### Exercise details
Output the listing below exactly, minus its images.

### Source material
[Start of Attachment]
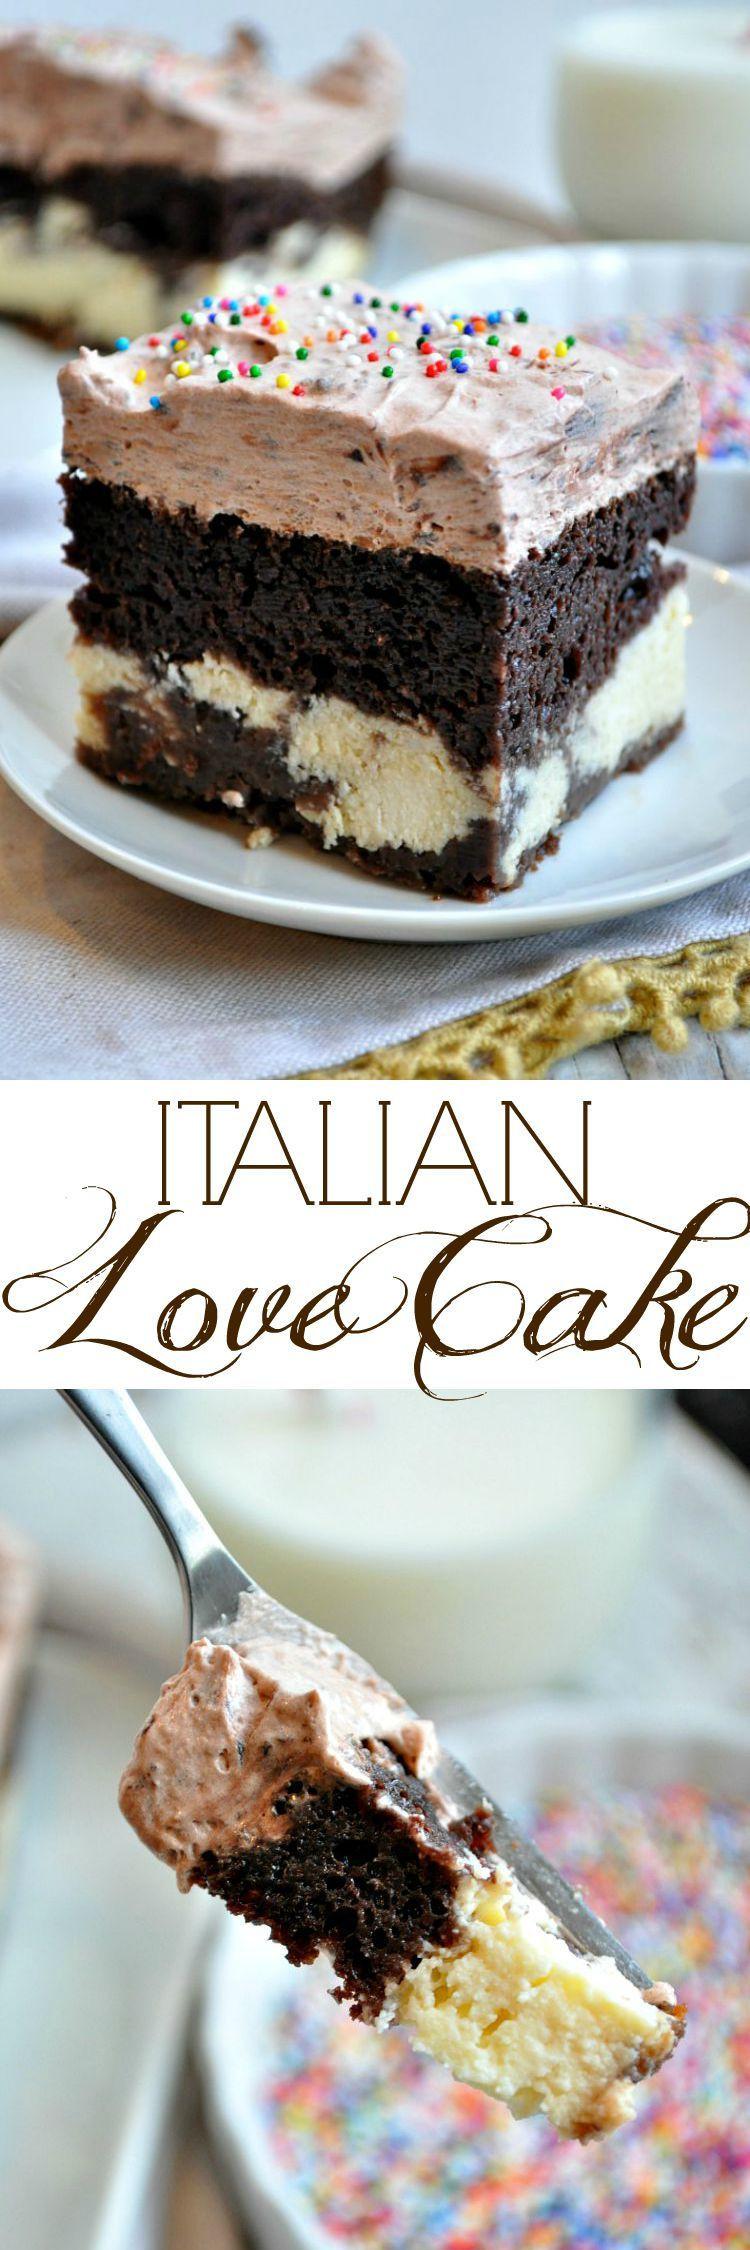 Easy Chocolate Desserts  Easy Chocolate Italian Love Cake Recipe
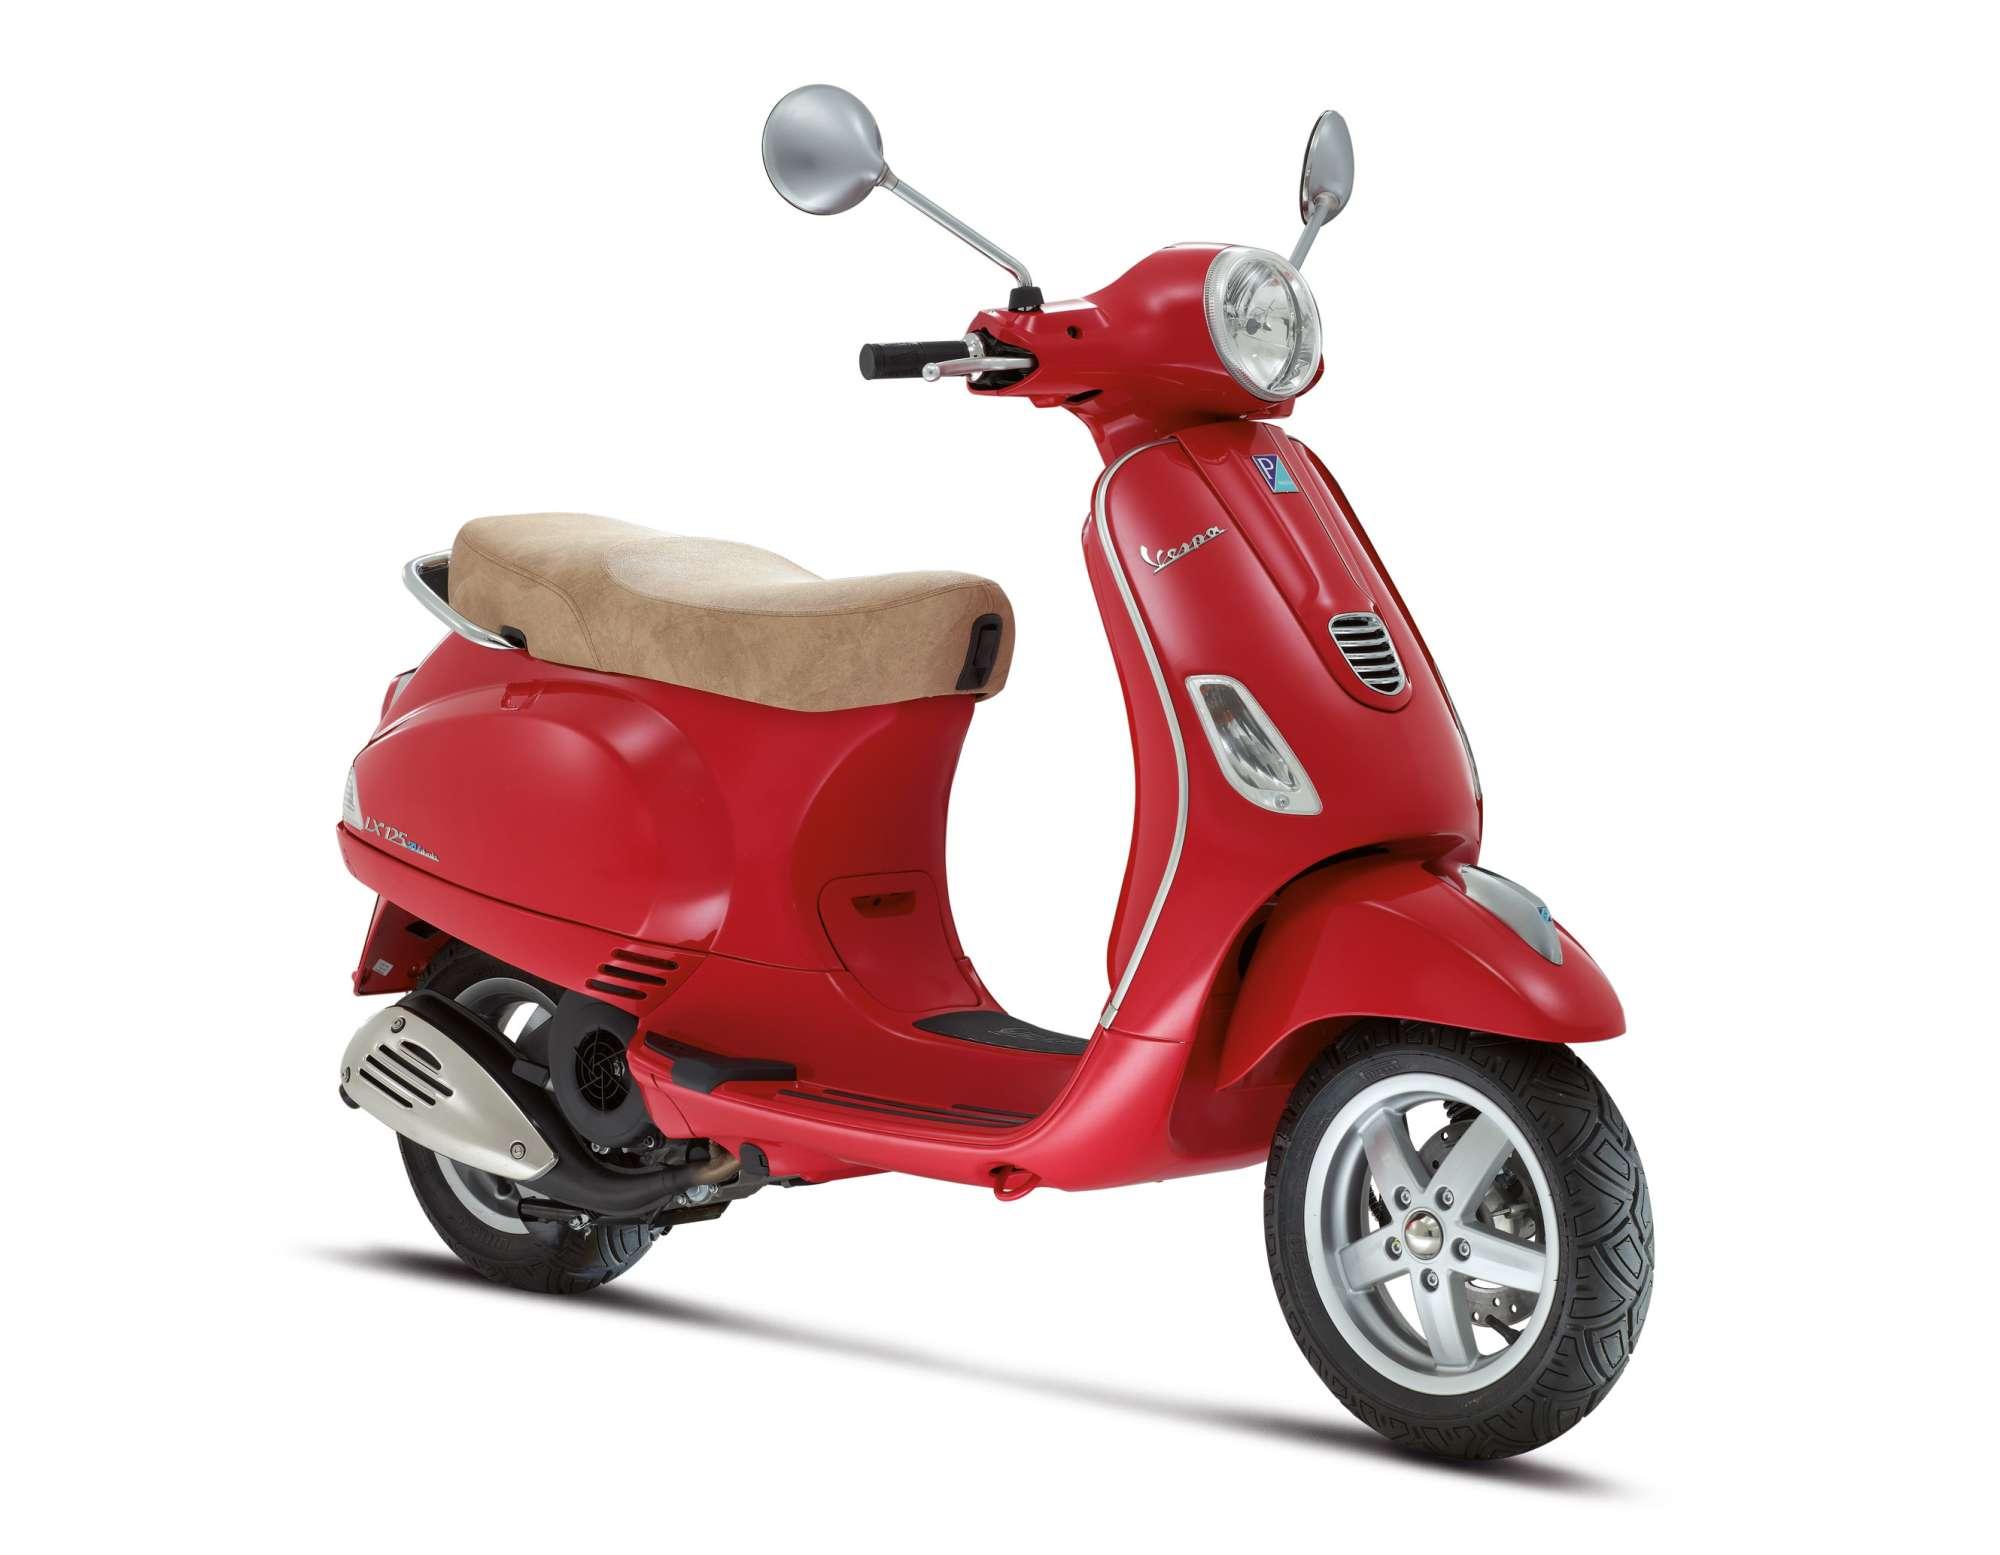 Motorrad Occasion Vespa LX 125 i.e. 3V kaufen
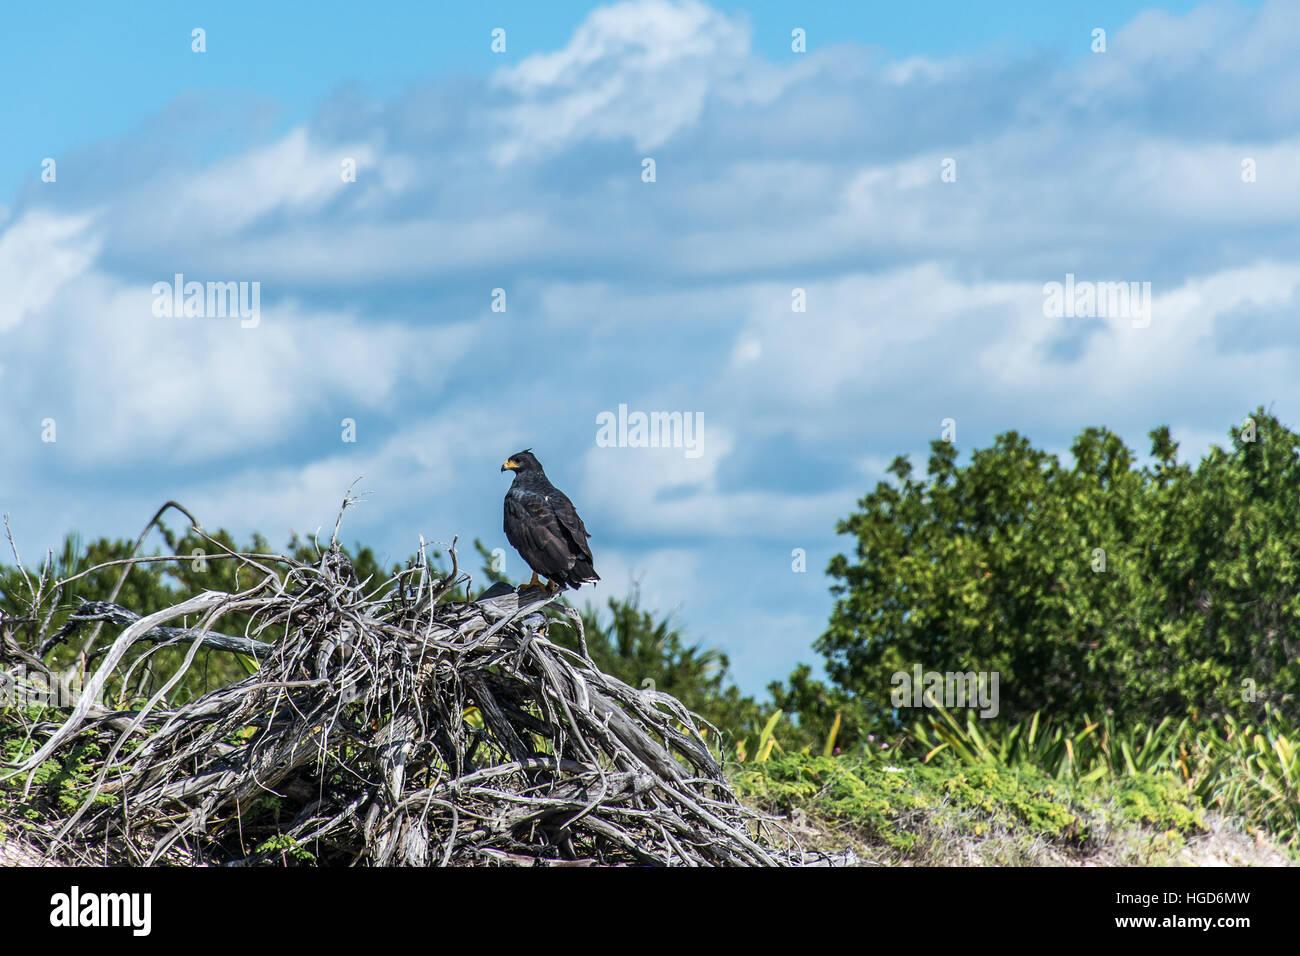 Hawk free falcon wildlife bird in mexico yucatan - Stock Image
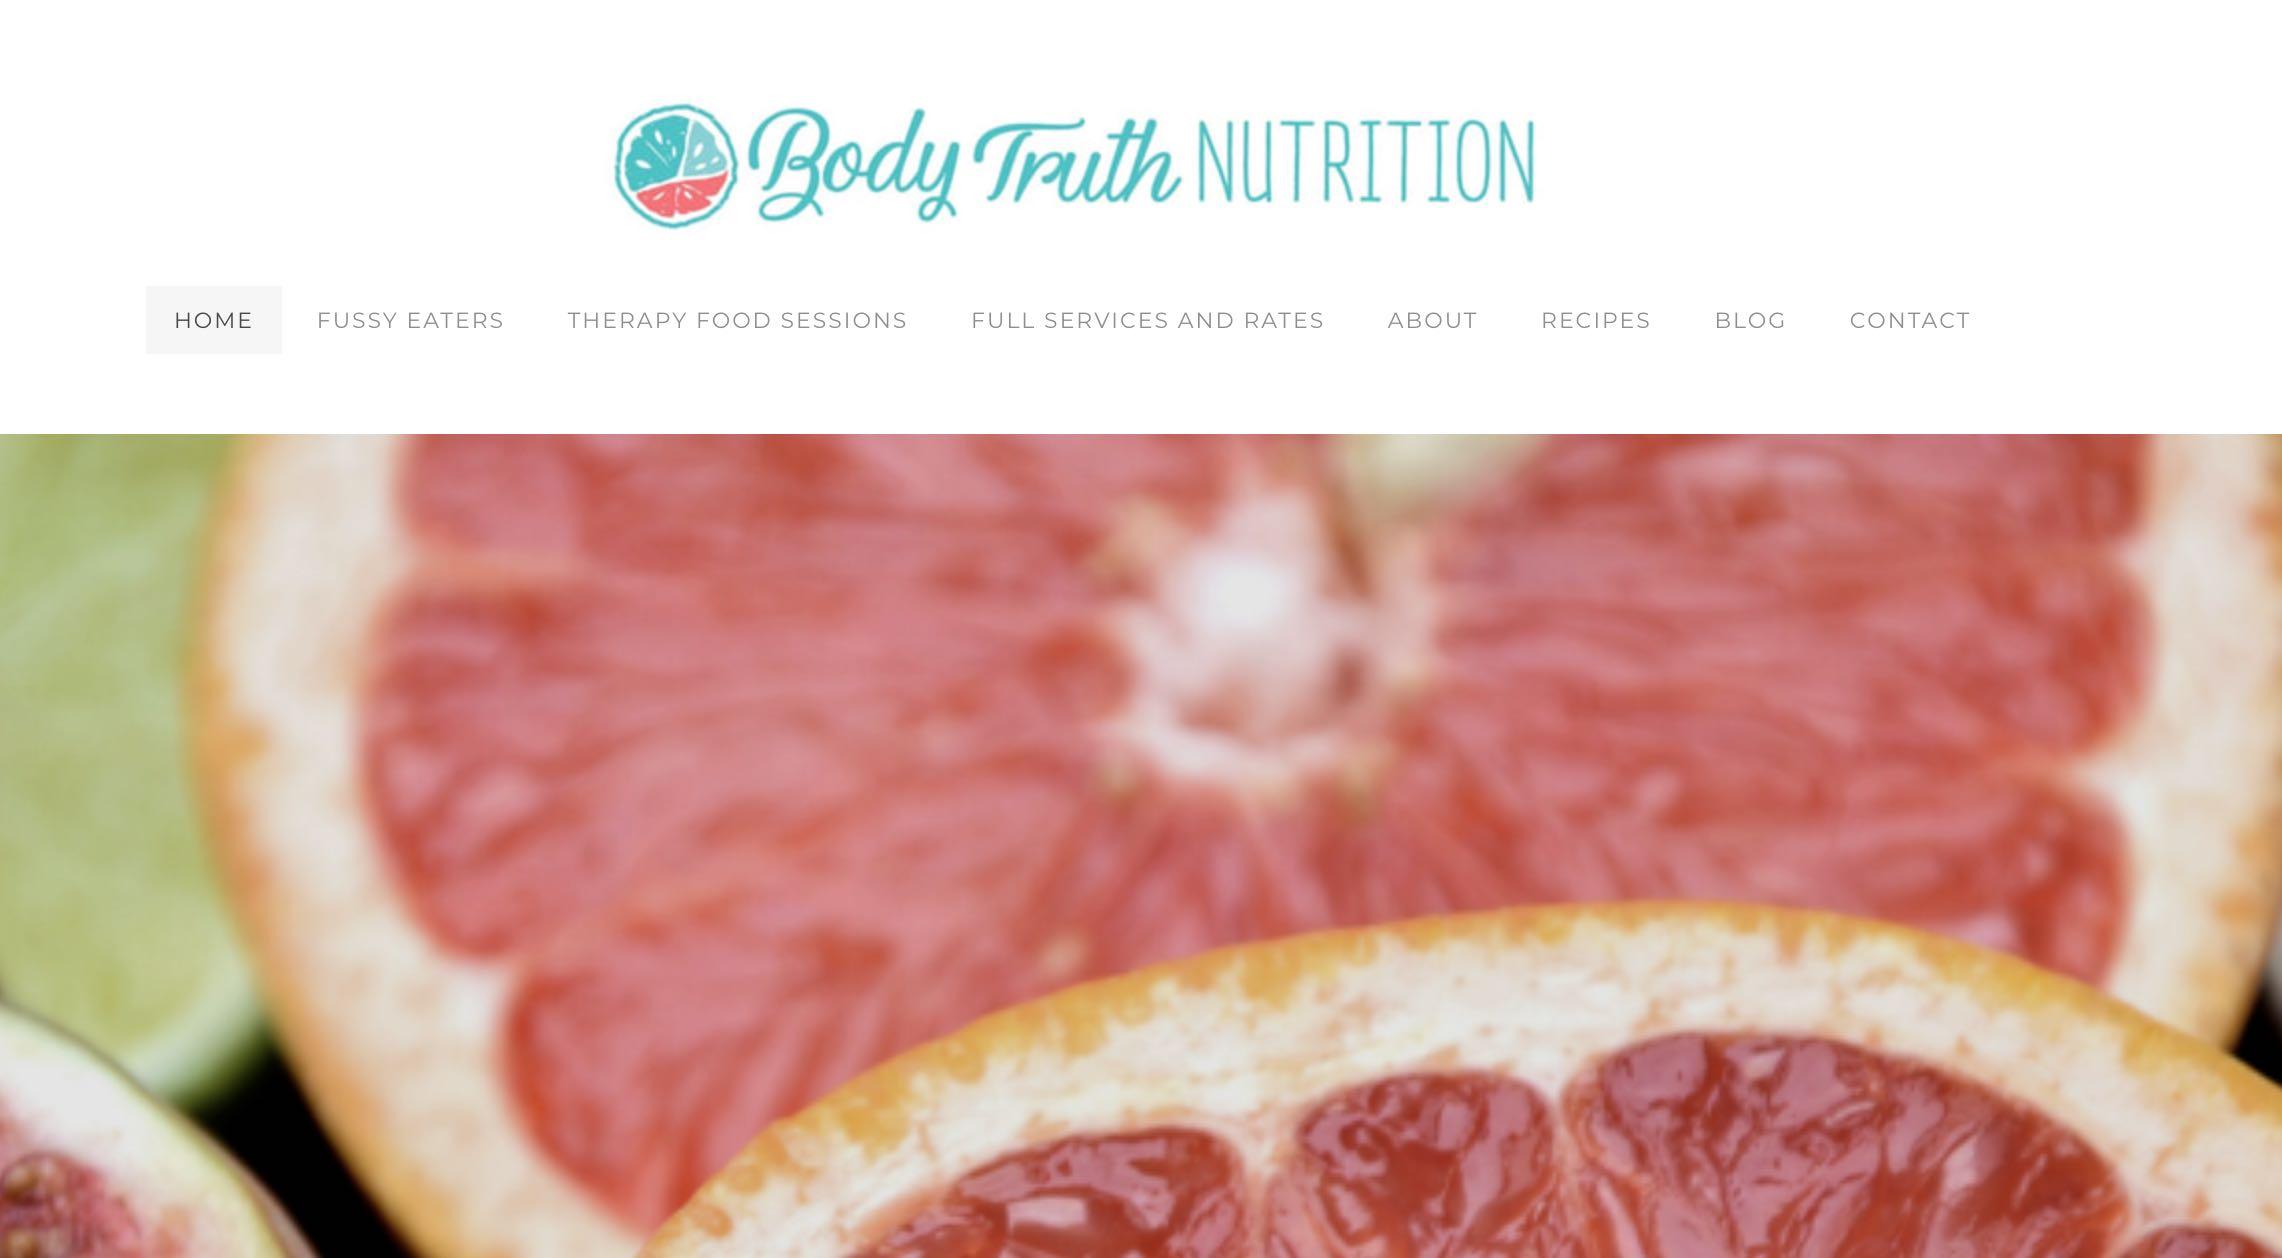 Body Truth Nutrition
[End of Attachment]
### Task output
 Easy Chocolate Desserts  Easy Chocolate Italian Love Cake Recipe
 Motorrad Occasion Vespa LX 125 i.e. 3V kaufen
 Hawk free falcon wildlife bird in mexico yucatan - Stock Image
 Body Truth Nutrition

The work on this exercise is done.